Either Y0 or n_components needs to be provided. Currently, Y0.shape overrides n_components if both are provided, and throws an error if neither are provided. The way scikit-learn is a little more flexible and also allows for an n_components which is different from Y0.shape, although I'm not clear on why you'd want that. But I'm not matching their behavior exactly because the current code doesn't allow that.

scikit-learn actually does break PEP8 to upper-case the matrices

sbillinge

good progress, please see comments.

sbillinge · 2025-06-10T01:24:47Z

src/diffpy/snmf/snmf_class.py

@@ -4,6 +4,18 @@


 class SNMFOptimizer:
+    """A self-contained implementation of the stretched NMF algorithm (sNMF),


This is too long. Needs to be < 80 characters, followed by a blank line.

sbillinge · 2025-06-10T01:25:23Z

src/diffpy/snmf/snmf_class.py

+
+    For more information on sNMF, please reference:
+    Gu, R., Rakita, Y., Lan, L. et al. Stretched non-negative matrix factorization.
+    npj Comput Mater 10, 193 (2024). https://doi.org/10.1038/s41524-024-01377-5


we would normally do a list of Class attributes here. Everything that is self.something. This is obviously strongly overlapped with the arguments of the constructor, as many of the attributes get defined in the constructor, but logically they are different. Here we list and dsecribe the class attributes, there we describe the init function arguments.

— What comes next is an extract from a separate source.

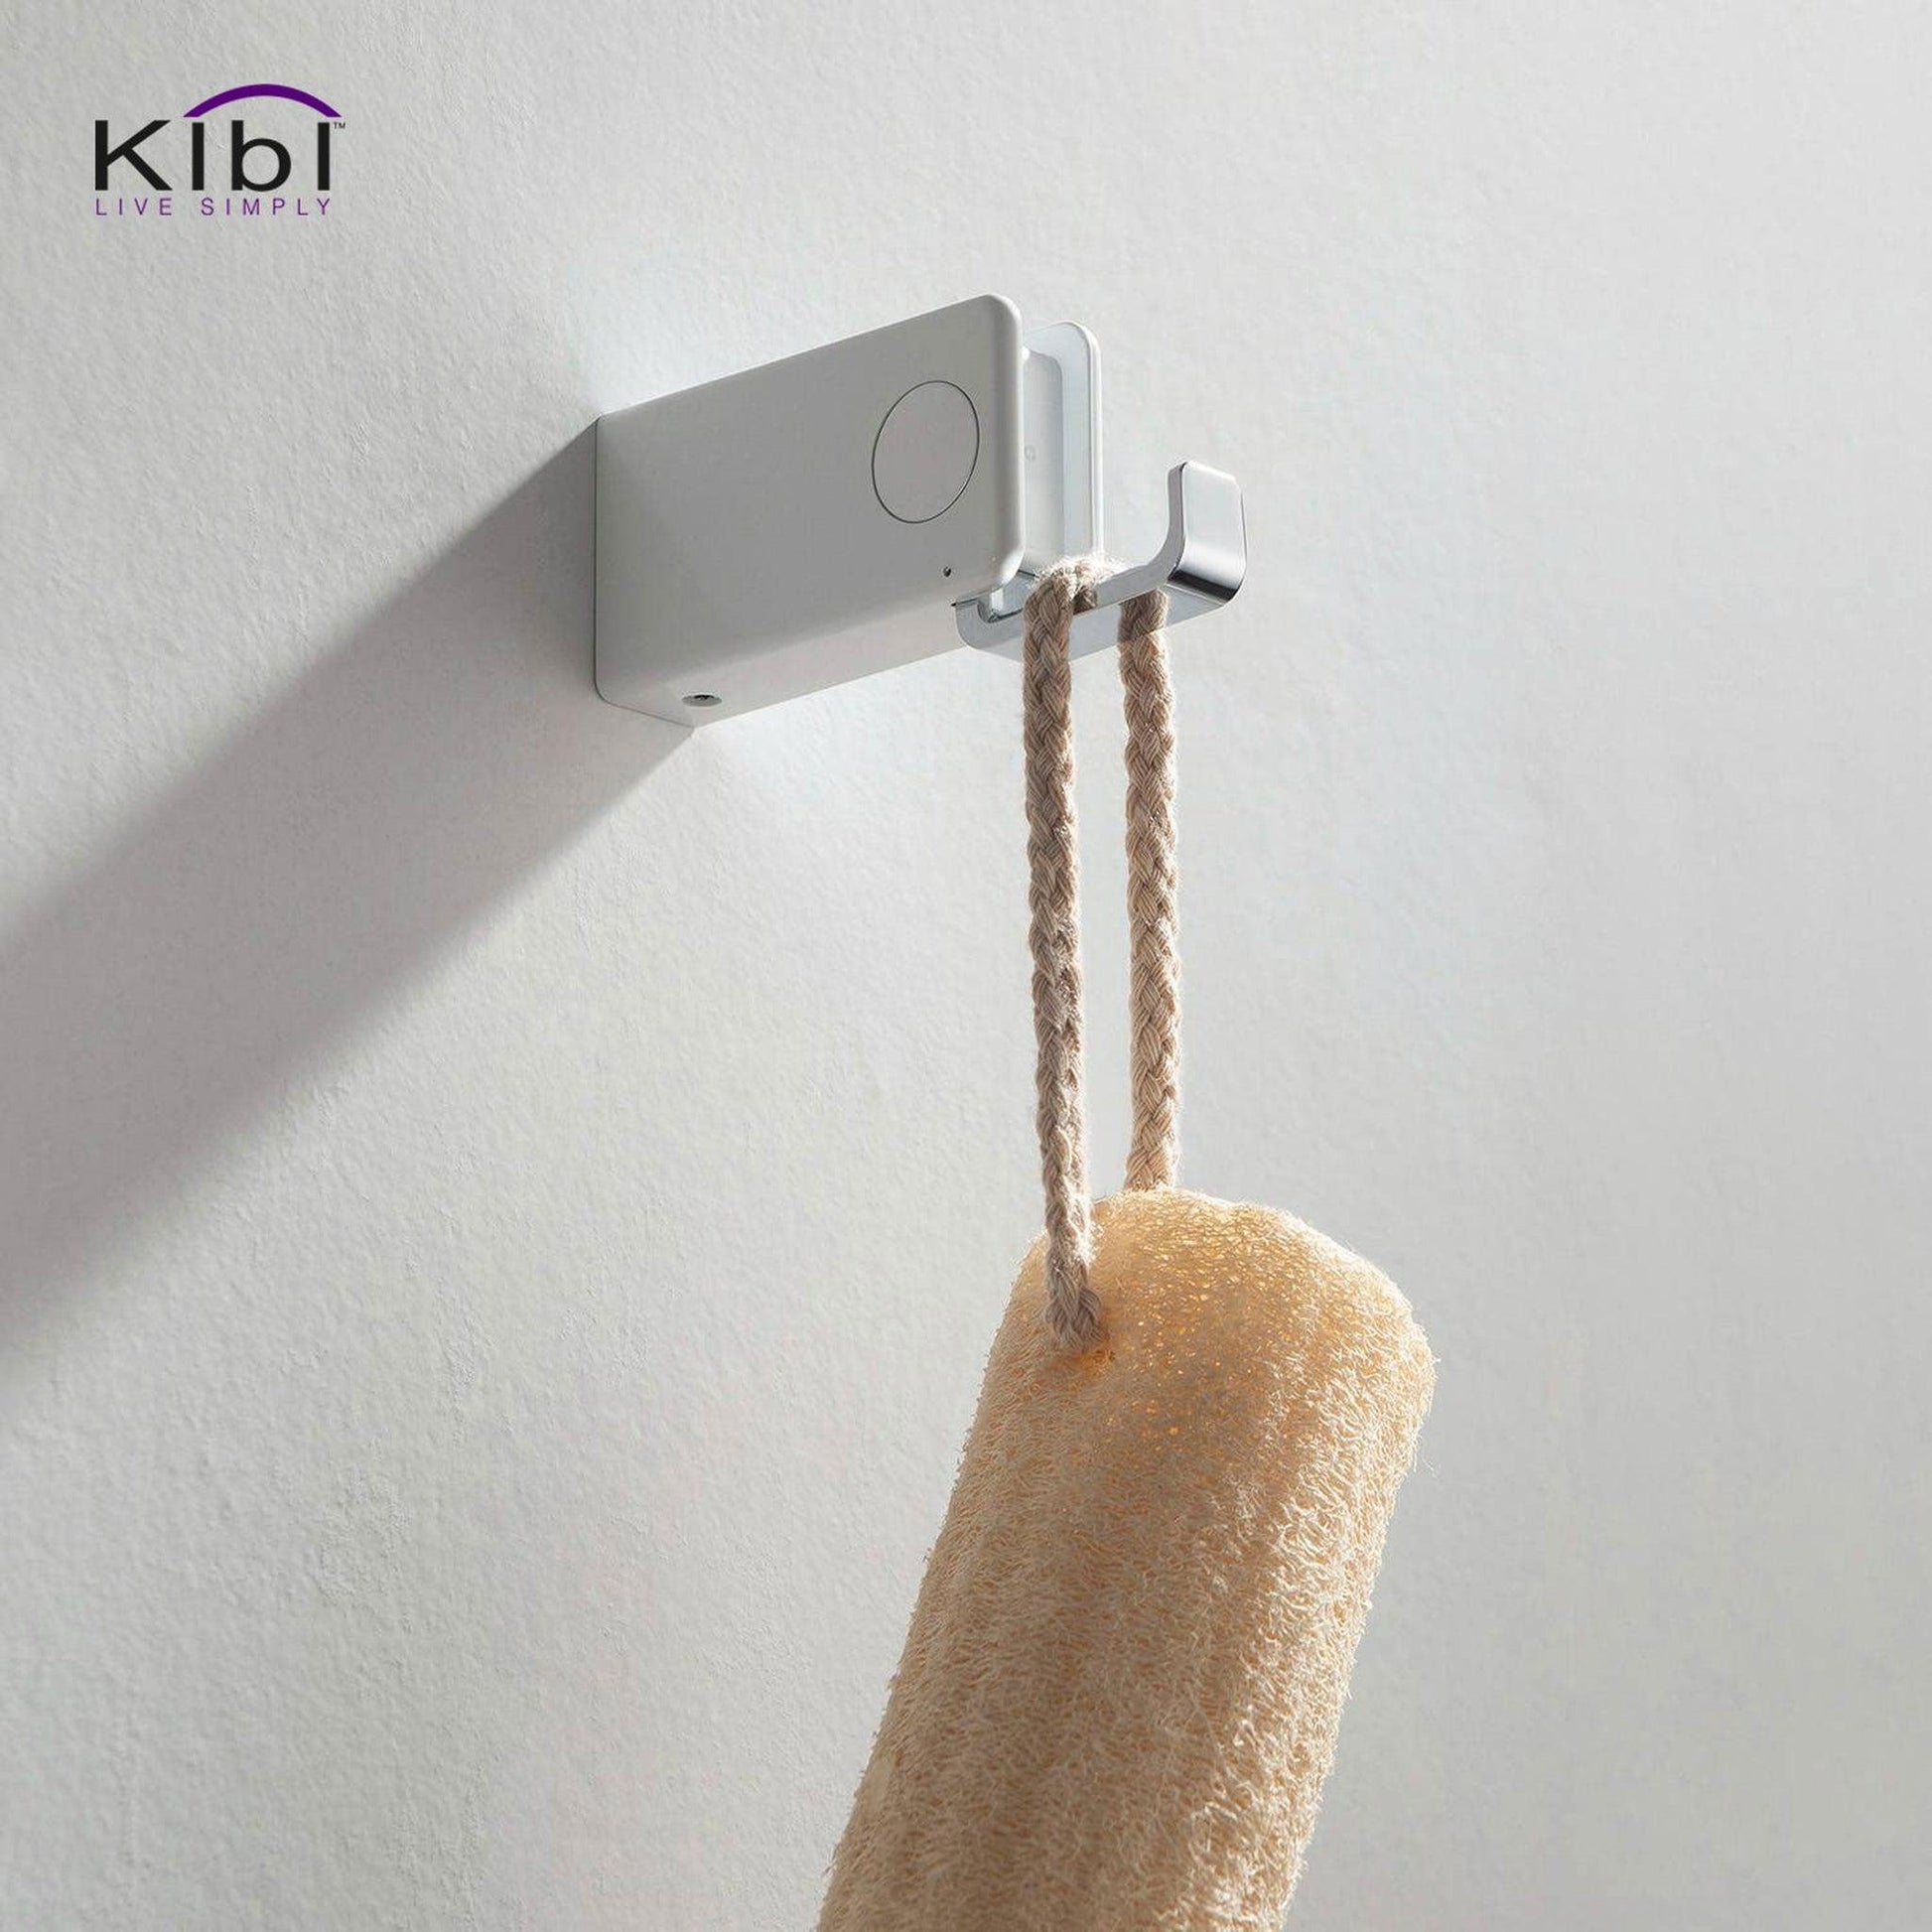 KIBI Artis Bathroom Robe Hook in Chrome White Finish

I'm not clear on how I'd distinguish the arguments from the attributes. I understand how they are different semantically, but what part of that is necessary to make clear here? Can you give an example? Those have been helpful.

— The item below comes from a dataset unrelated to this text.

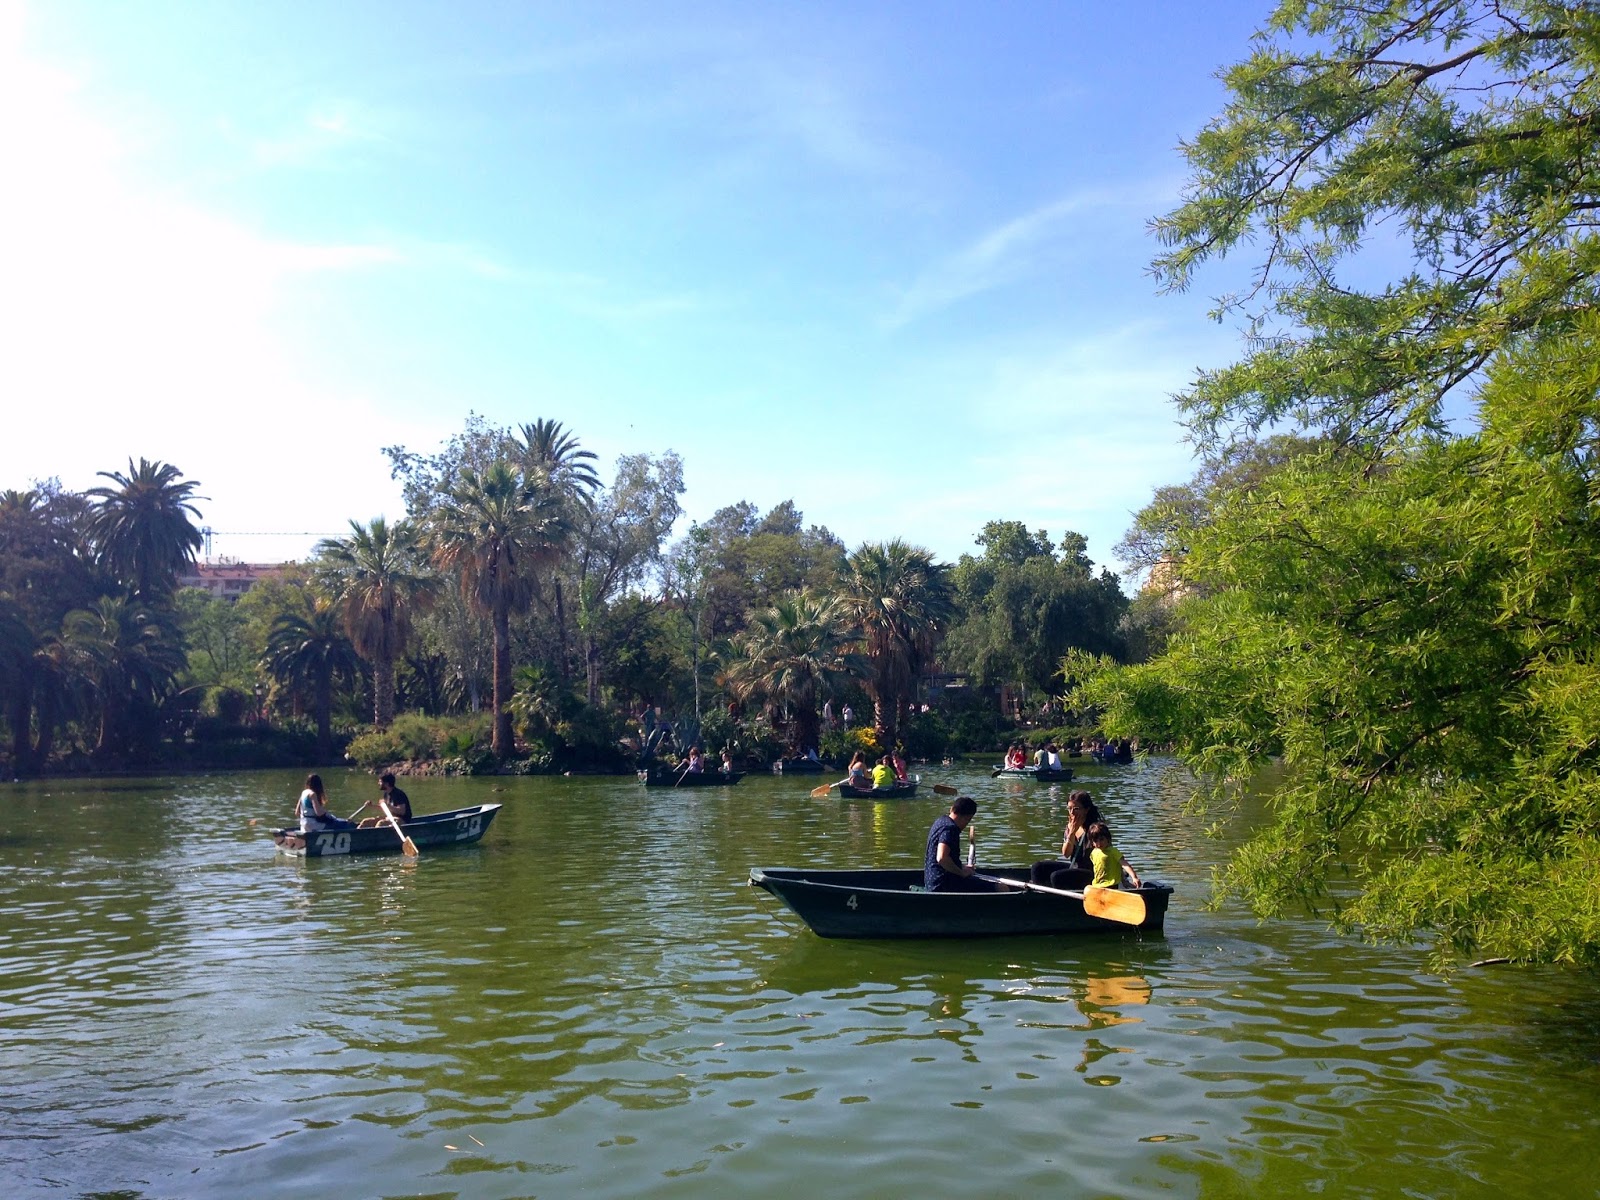 Parc de la ciutadella rowboat rental

everything that is self.something (except for methods which are self.functions() which are not considered attributes) is an attribute. So MM, Y0, X0 are attributes, but also M, N, rng, num_updates etc.

Inside a function or method the parameters are the arguments of the function. so for the __init__() function they will be MM, Y0, X0, A, rho, eta and so on). Some of the descriptions will overlap but for the function argument the user needs to know if it is optional or not, what the default is, and anything else they need to know to successfully instantiate the class. People will generally not see the two docstrings at the same time, so there can be some repetition, but try and keep it short but informative.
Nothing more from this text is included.